Actually, that’s a good point. We’re thinking “jerk policeman picking on innocent geek”, but it might have undercurrents of “jerk policemen who hates priests picking on innocent geek who is a priest”. We probably need to get over the idea that certain occupations are automatically respected (priests, doctors, COBOL programmers, etc).


Our friends for freedom

I’ve developed a re-awakened interest in World War II history due to conversations that I’ve been following in weblogging. I went to the library to check out a couple of books on the Japanese internment, and found five books on women’s participation in the war effort intermixed on the same shelf. I checked out books on both subjects.

One of the books makes liberal use of WW II posters, as demonstration of the contradiction inherent with women’s roles during the war. Going online, I found digital images of almost all of them, and they are fascinating to look at; particularly since most encouraged behavior in war that the country, as a whole, discouraged during peace.

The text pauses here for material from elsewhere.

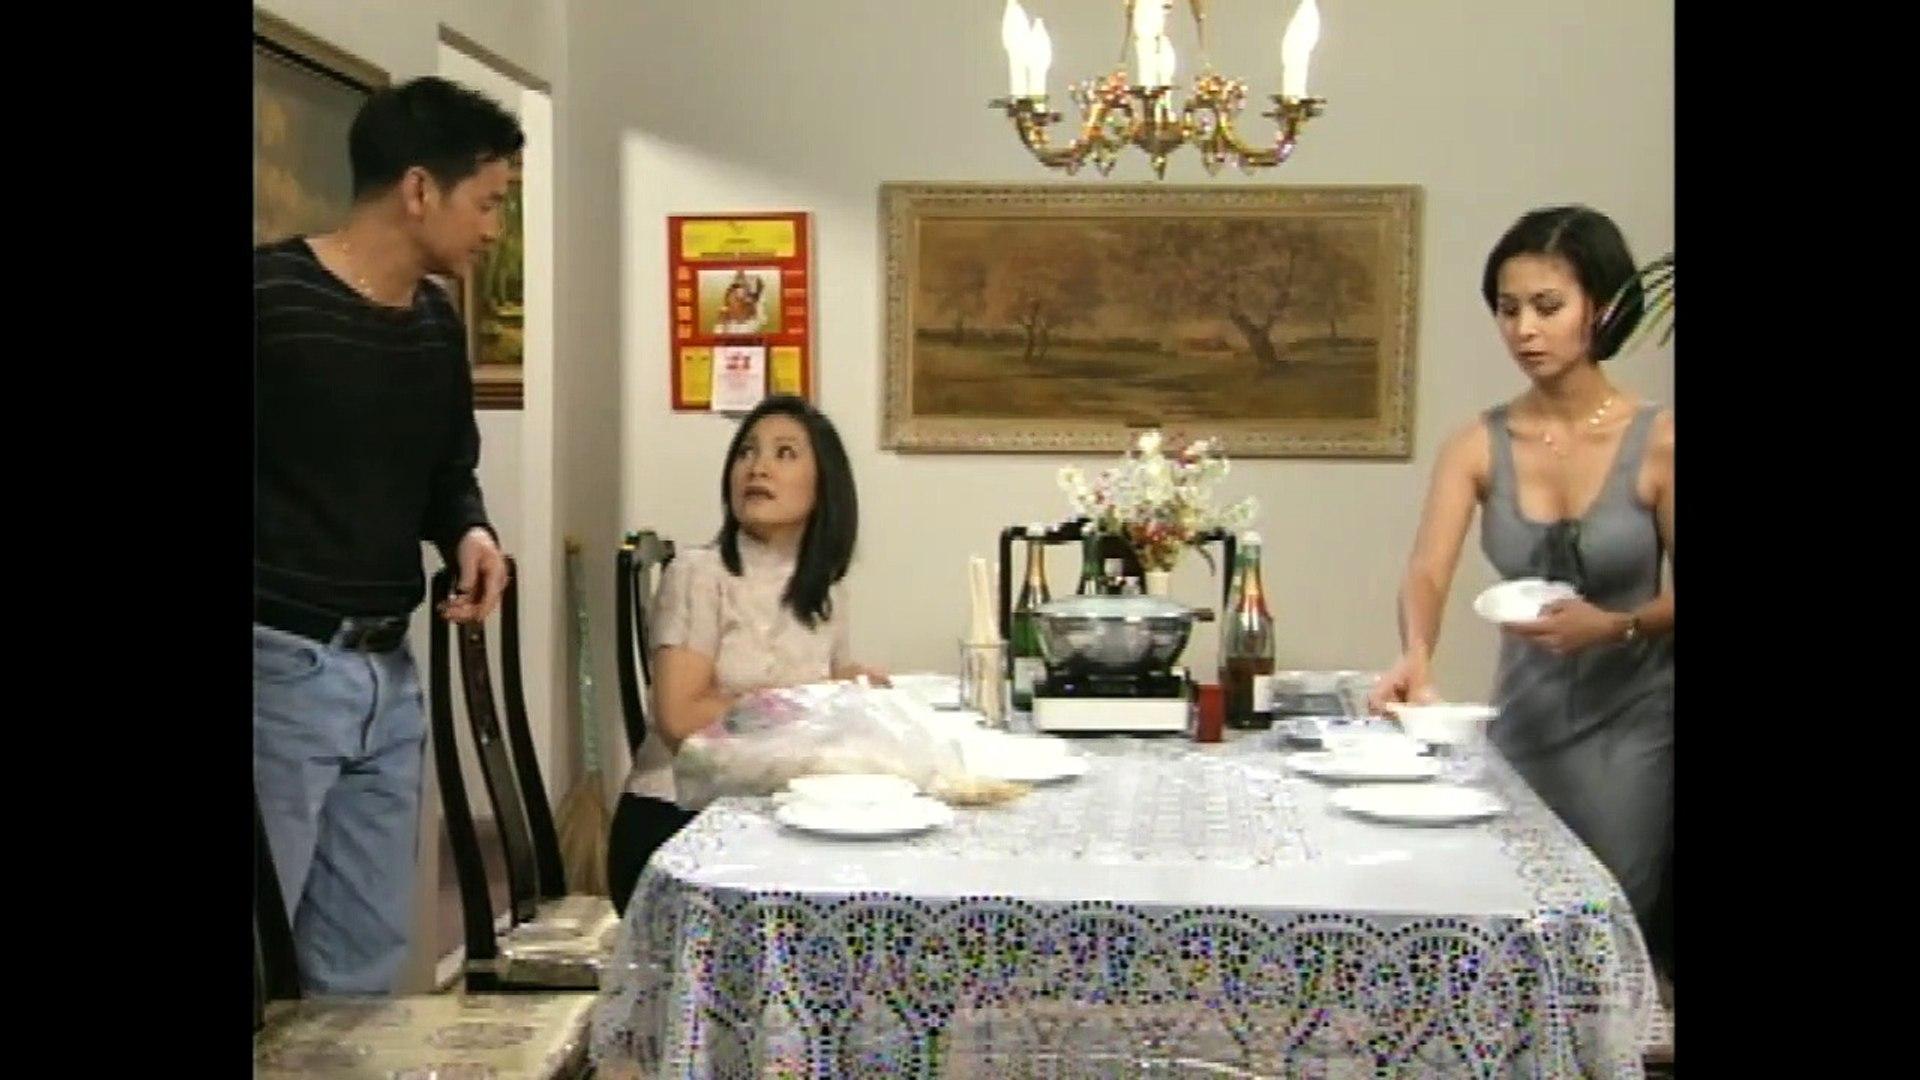 Video - Hài kịch LỘT MẶT NẠ (Vân Sơn - Bảo Liêm - Quang Minh - Hồng Đào - Uyên Chi)

For instance, in one set of posters, each features a photo of a man representing a country who was ally in the war. All of the posters had words to the effect that these people were our friends in the fight for freedom. Among those so honored were the very proud, and very black, Ethiopians; ironic, when you consider that blacks in this country weren’t allowed to serve alongside the whites in most situations until later in the hostilities.

In fact, when a small group of black nurses were finally allowed to volunteer at war’s end, they were assigned to tend German patients; laws on the books prevented them from helping American or other allied white men.